Step 1: Score Bills on Policy Issues
Claude Haiku reads each bill's title, description, AI summary, and topic tags, then identifies 1-5 relevant policy issues from our canonical list. For each issue, it scores:
- Stance (-1.0 to +1.0): What does a Yea vote mean for this issue?
- Relevance (0.0 to 1.0): How central is this issue to the bill?
Example: HB1261 (Property Tax Relief Act)
We scored all 1,202 bills across both the 2025 and 2026 sessions. 1,064 bills received at least one stance; the remaining 138 are procedural with no policy substance.
Issue Coverage
Claude identified 138 unique issues across all bills (84 from the canonical list plus 54 novel issues it proposed). The top 12 issues by bill count:
Step 2: Derive Legislator Stances
For each legislator and each issue, we aggregate their Yea/Nay votes on all bills involving that issue:
Recency weighting ensures current-session votes count more than historical ones. The confidence threshold is 15 votes (vs. 50 for the old model).
Result: 110 legislators with stance profiles across 11,290 total legislator-issue pairs.
Step 3: Predict Votes
The logistic sigmoid is centered at +0.10 rather than 0 — a legislator needs meaningful positive alignment to predict Yea, not just any positive value. This reflects the reality that in a ~90% Republican legislature, most alignment values skew positive.
Earlier versions blended stance alignment with party loyalty (70/30 or 60/40), but backtesting showed the loyalty component hurts accuracy — it can't predict direction without knowing the outcome. The current model uses stance alignment alone, falling back to loyalty only when no stance data exists.
Backtest Results
We backtested all model variants against 799 floor votes (25,228 individual vote predictions) from the 2025-2026 sessions.
The Calibration Problem
Earlier stance models (70/30, 50/50) achieved strong overall accuracy but were badly miscalibrated: they predicted 98.6% of bills would pass, correctly identifying only 6% of actual failures. In a ~90% Republican legislature where most bills align with majority positions, raw alignment values skew heavily positive.
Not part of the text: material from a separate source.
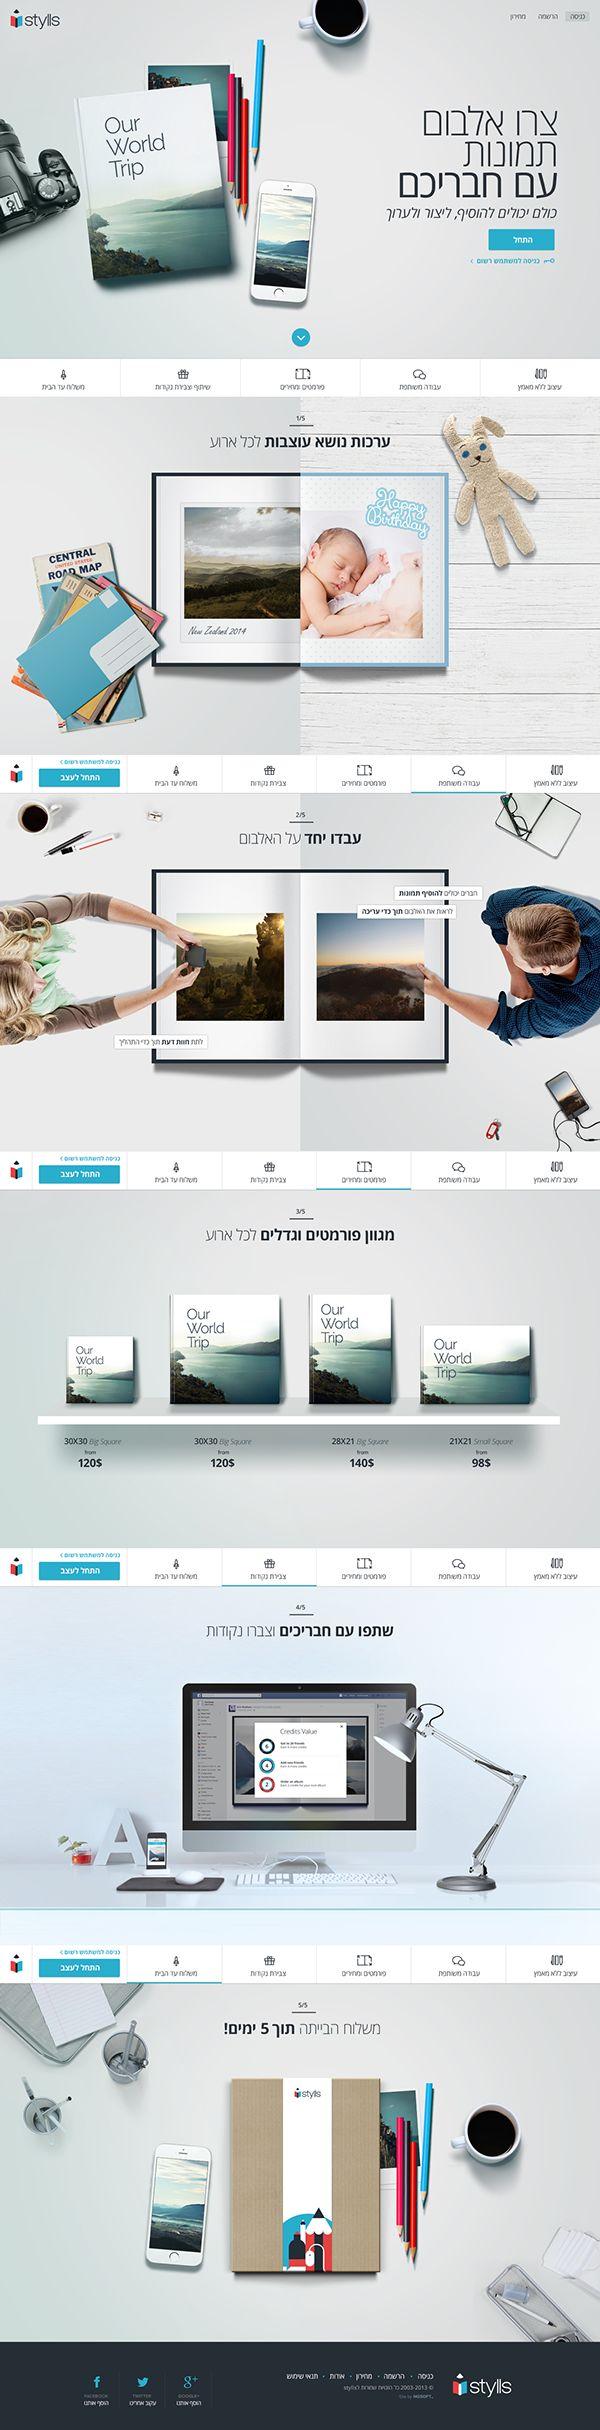 Stylls homepage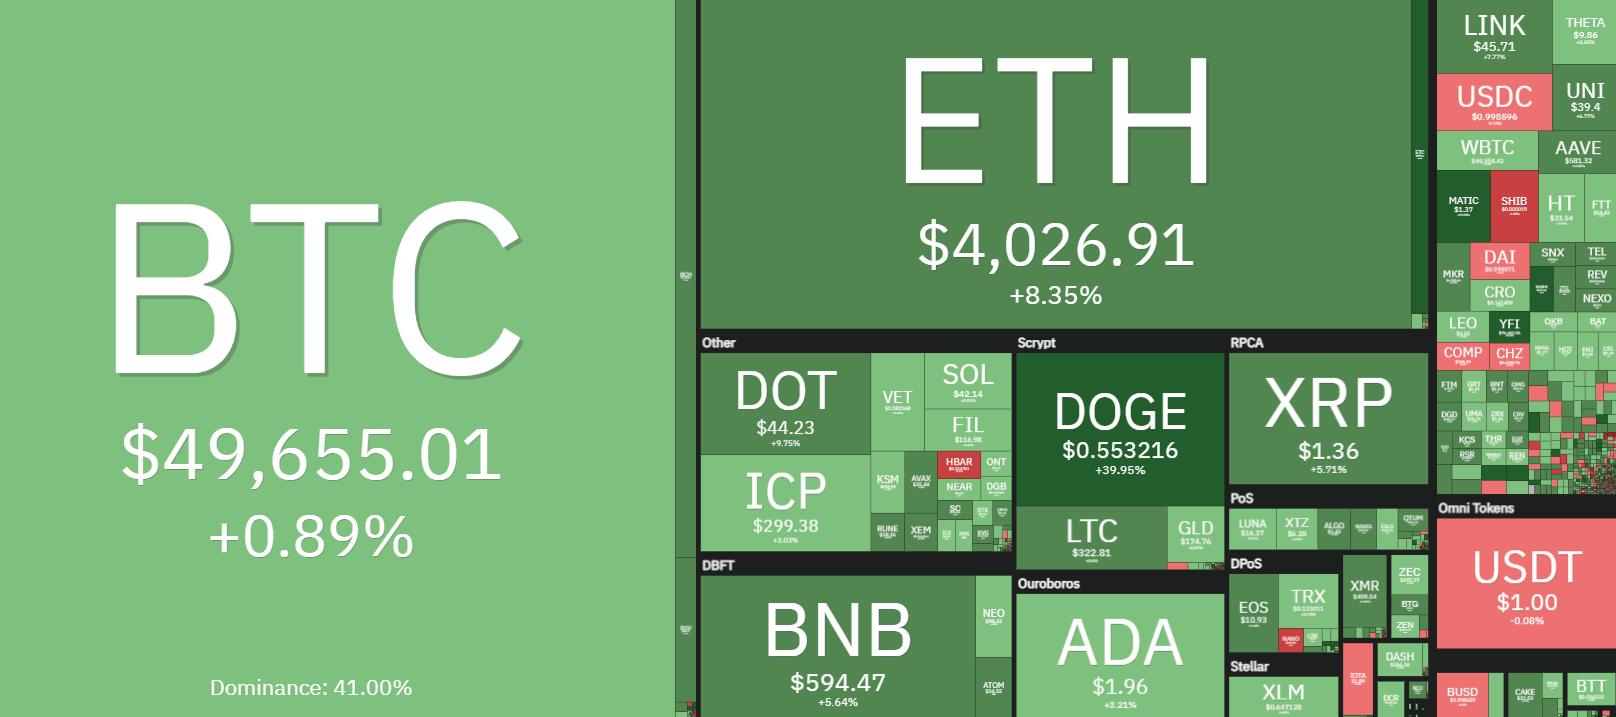 Panoramica quotidiana del mercato crypto

The calibrated sigmoid addresses this by shifting the decision boundary to +0.10 and dropping the party loyalty blend (which can't predict direction without knowing the outcome).
Bill-Level Accuracy
The calibrated model trades some overall accuracy (81.9% vs 88.1%) for dramatically better failure detection — the metric that matters most for a useful whip count.
Failure Detection
The key improvement: The calibrated model correctly predicts 27.8% of bill failures (20/72) while maintaining 87.6% pass recall (598/683). The previous model caught only 6% of failures. A whip count that says “likely passes” for every bill isn't useful — catching contested votes is the whole point.
Individual Vote Accuracy
Individual accuracy is 79.7% with the calibrated model. The raw stance models score higher here, but their predictions cluster too tightly around “yea” to produce useful bill-level confidence spread.
Confidence Calibration
The five confidence buckets are calibrated so that actual yea rates match expectations:
“Likely Yea” predictions are correct 96.7% of the time. “Likely Nay” predictions are correct 93.7% of the time. The tossup bucket sits at 56.4% yea — close to a genuine coin flip.
Limitations
- AI scoring subjectivity. Claude's stance assignments are probabilistic, not deterministic.
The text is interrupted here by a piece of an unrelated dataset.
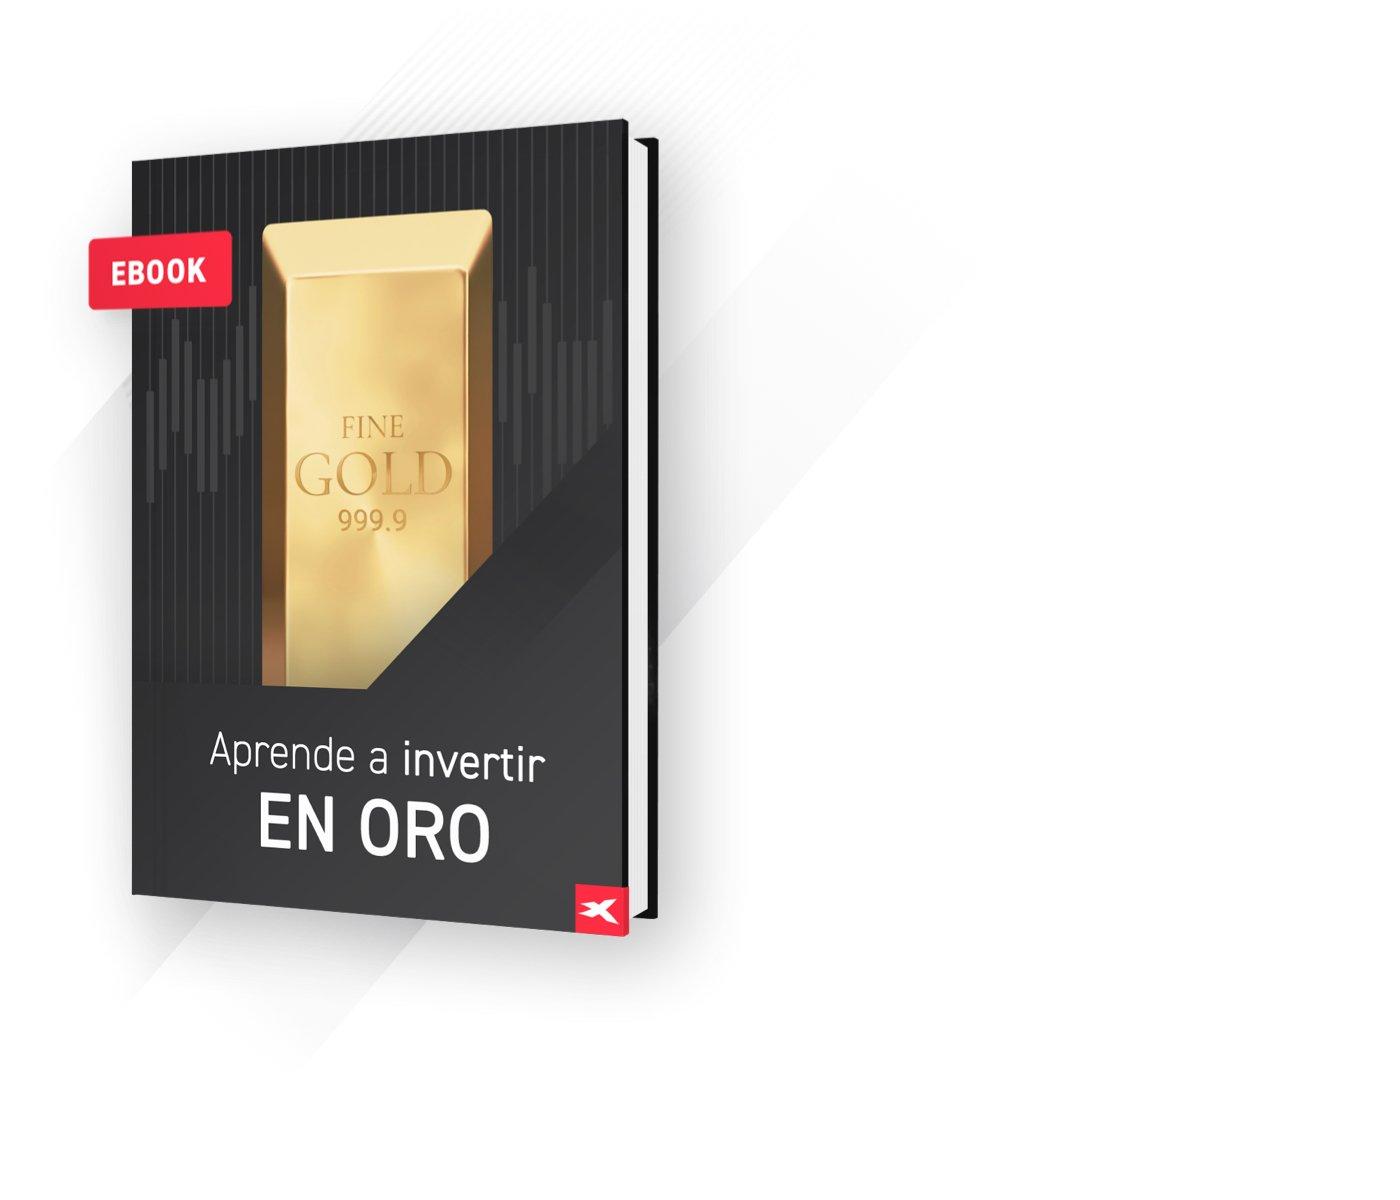 ES_KV_gold_ebook_part2_FORM

- Novel issue normalization. 54 issues beyond the canonical 84 need periodic review and merging.
- Historical session limitations. Only 2025 and 2026 sessions are available.
- False alarms. The calibrated model predicts “fail” for 85 bills that actually passed, mostly lopsided or procedural votes where stance alignment happens to be near-neutral.
Summary
| Metric | Stance (uncalibrated) | Calibrated Sigmoid |
|---|---|---|
| Bill-level accuracy | 88.1% | 81.9% |
| Failure recall | ~6% | 27.8% |
| Pass recall | ~99% | 87.6% |
| Individual vote accuracy | 82.6% | 79.7% |
| “Likely Yea” actual yea rate | n/a | 96.7% |
| “Likely Nay” actual yea rate | n/a | 6.3% |
The calibrated stance model is now live on leg.noahbrown.io. The backtest was run against 799 floor votes (25,228 individual predictions) from the 2025-2026 sessions.